Secure Payslips



  • The (supposed) industry leading, multi-national engineering compary I work for has just implemented a new payslip system. They email a password protected pdf copy of your payslip every month.

    Sounds fine so far, right? The wtf is that they also send a second plain text email, at the same time as the payslip, that contains your password. Every month.

    I'm *almost* surprised by this. Although, given that the industry-leading, fantastic, brilliant application that runs the core business is based on VB6 may say something.



  • I seem to recall PDF passwords not being very secure, too...



  •  Kinda like the websites that asterix out your password as you setup your account, and then email it to you to ensure you don't forget it?



  • @Mole said:

     Kinda like the websites that asterix out your password as you setup your account, and then email it to you to ensure you don't forget it?

    Because nobody cracks email accounts.



  • @Indrora said:

    @Mole said:

     Kinda like the websites that asterix out your password as you setup your account, and then email it to you to ensure you don't forget it?

    Because nobody cracks email accounts.

    Of course not.  Email accounts have asterisks, too.


  •  @Indrora said:

    @Mole said:

     Kinda like the websites that asterix out your password as you setup your account, and then email it to you to ensure you don't forget it?

    Because nobody cracks email accounts.

    Or use some kind of network sniffer/ man-in-the-middle-attack to grab a copy of any mail that contains the words password/passwd/username/user etc. People ofter forget that mail is not as secure even as a letter, it's a post card where anyone handling the item can read it. I blame in part the user interfaces, for showing images of letters instead of postcards.


  • @metallurg said:

    The wtf is that they also send a second plain text email, at the same time as the payslip, that contains your password. Every month.

    I had a similar experience once with a salary review when I was working in a different country to my manager. He wanted to send me details of the review via email. I was pissed off with him (and about to quit anyway) so played the "email is not really secure" card to see what hoops I could get him to jump through. His ultimate response was to send the review in a password protected zip file and send the password in a separate email. For added security the password was not sent in plain text. No - he thought up a code all by himself. The password was encoded as a sentence that read "The password is name of the company backwards". And all of this sent through the companies email servers!



  • @OzPeter said:

    The password was encoded as a sentence that read "The password is name of the company backwards". And all of this sent through the companies email servers!
    Classy. I like it. I've had emails where the password was the name of the company (all in lower case for ease of use), but never had it backwards. I'll have to forward your message to management. You don't mind if they take the credit and run with it do you? No? Excellent. 

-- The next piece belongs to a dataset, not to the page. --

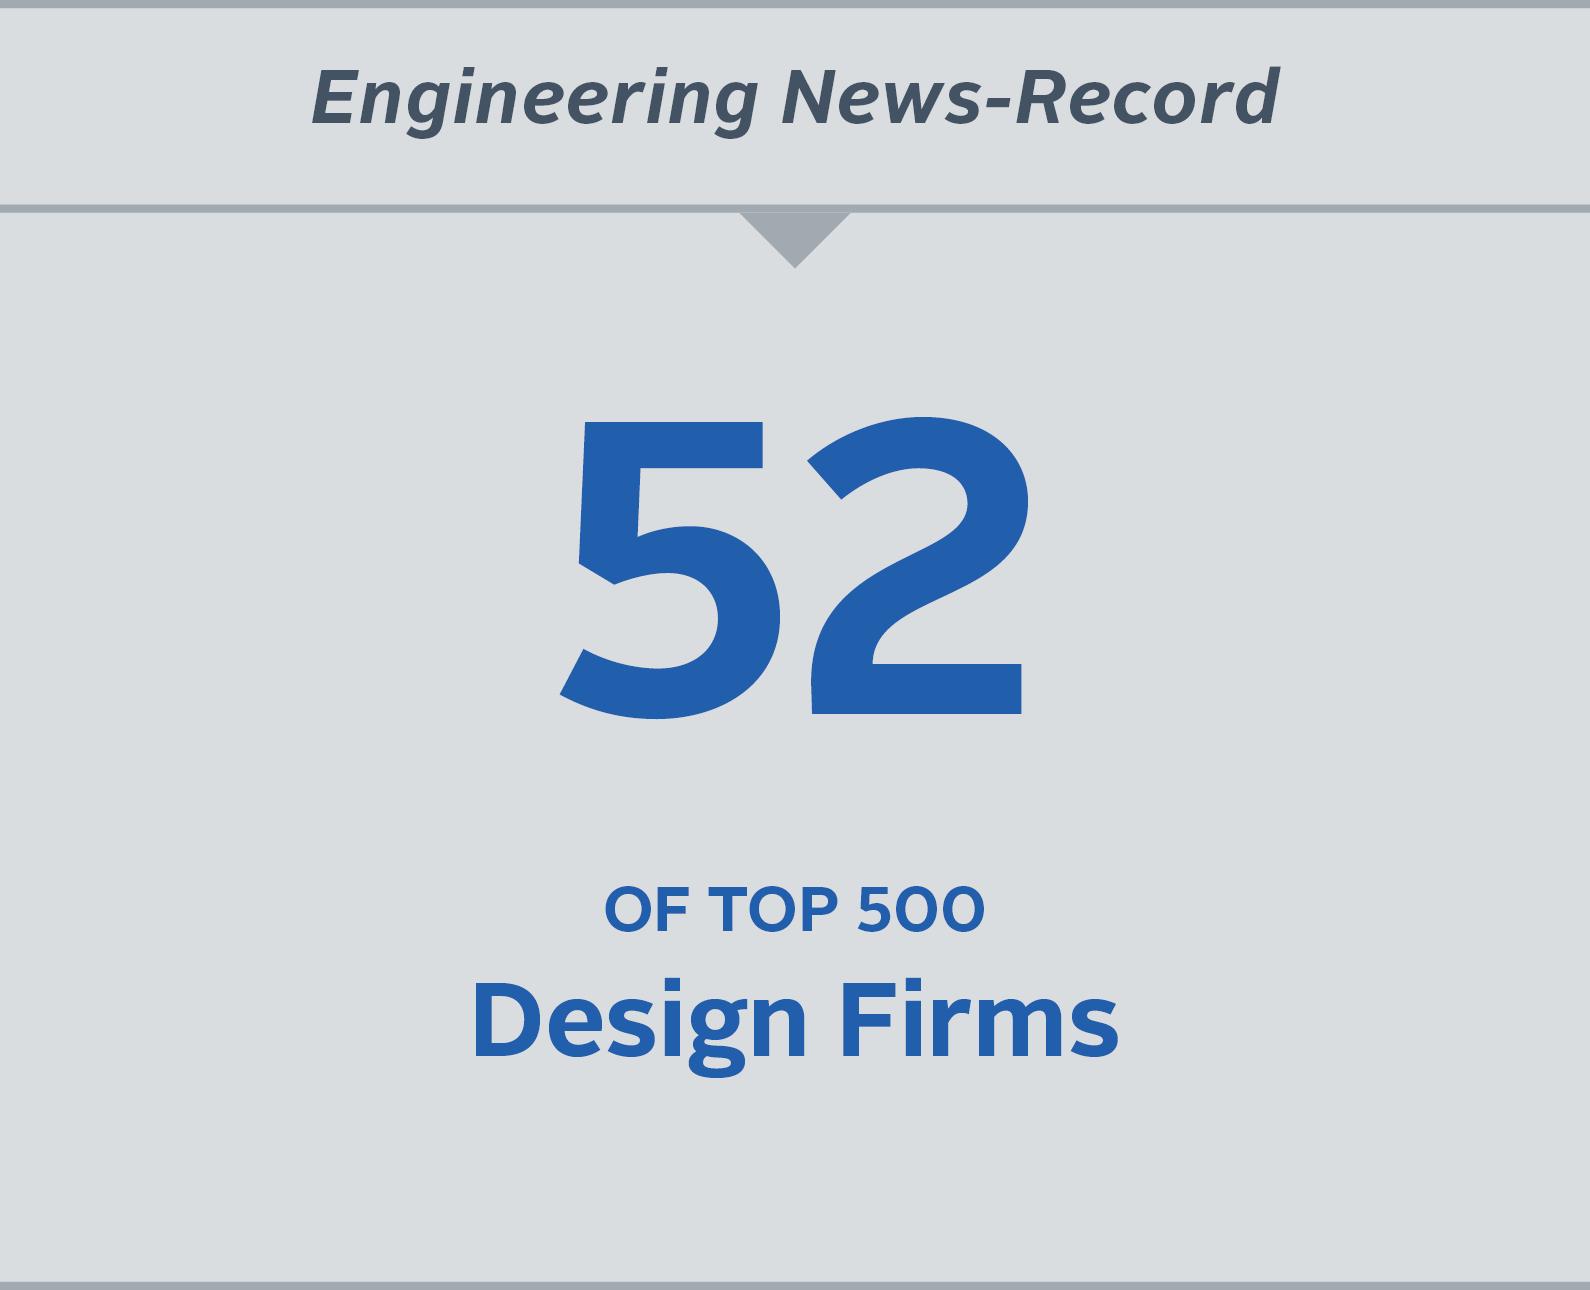 Top Design Firms.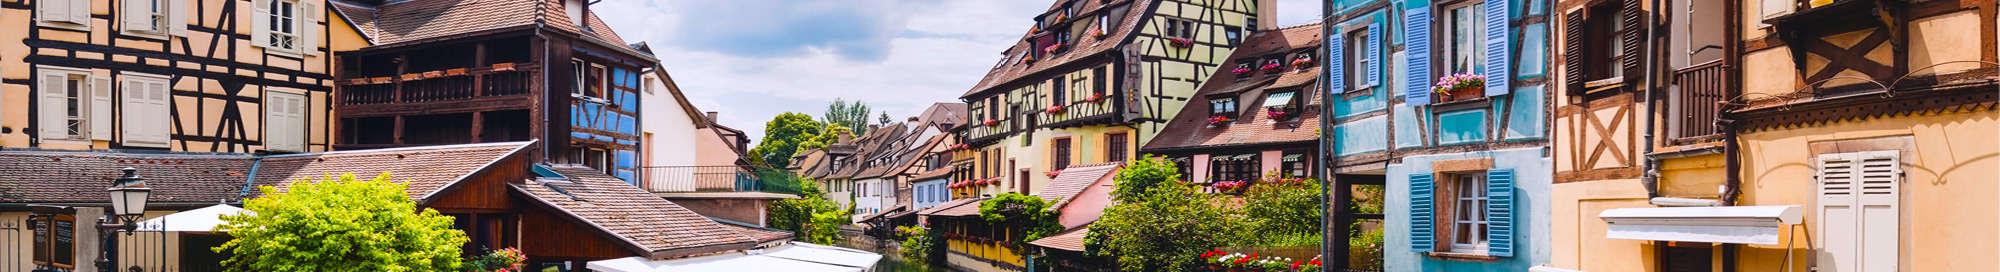 Week-end et séjour à Colmar

  • I should mention that the password for the payslips is really hard to work out - it's the persons surname, followed by their start date.



  • @metallurg said:

    I should mention that the password for the payslips is really hard to work out - it's the persons surname, followed by their start date.

    Wow; that is insecure. Our payslips are emails with attached zipped PDF files, encrypted with a randow password for strength! [All passwords are allocated by payroll and can not be changed; they consist of two [2] numeric digits. I estimate that with that level of security one would need at least a 1 minute with a 386-based PC to brute force the files; clearly we have the superior system!!]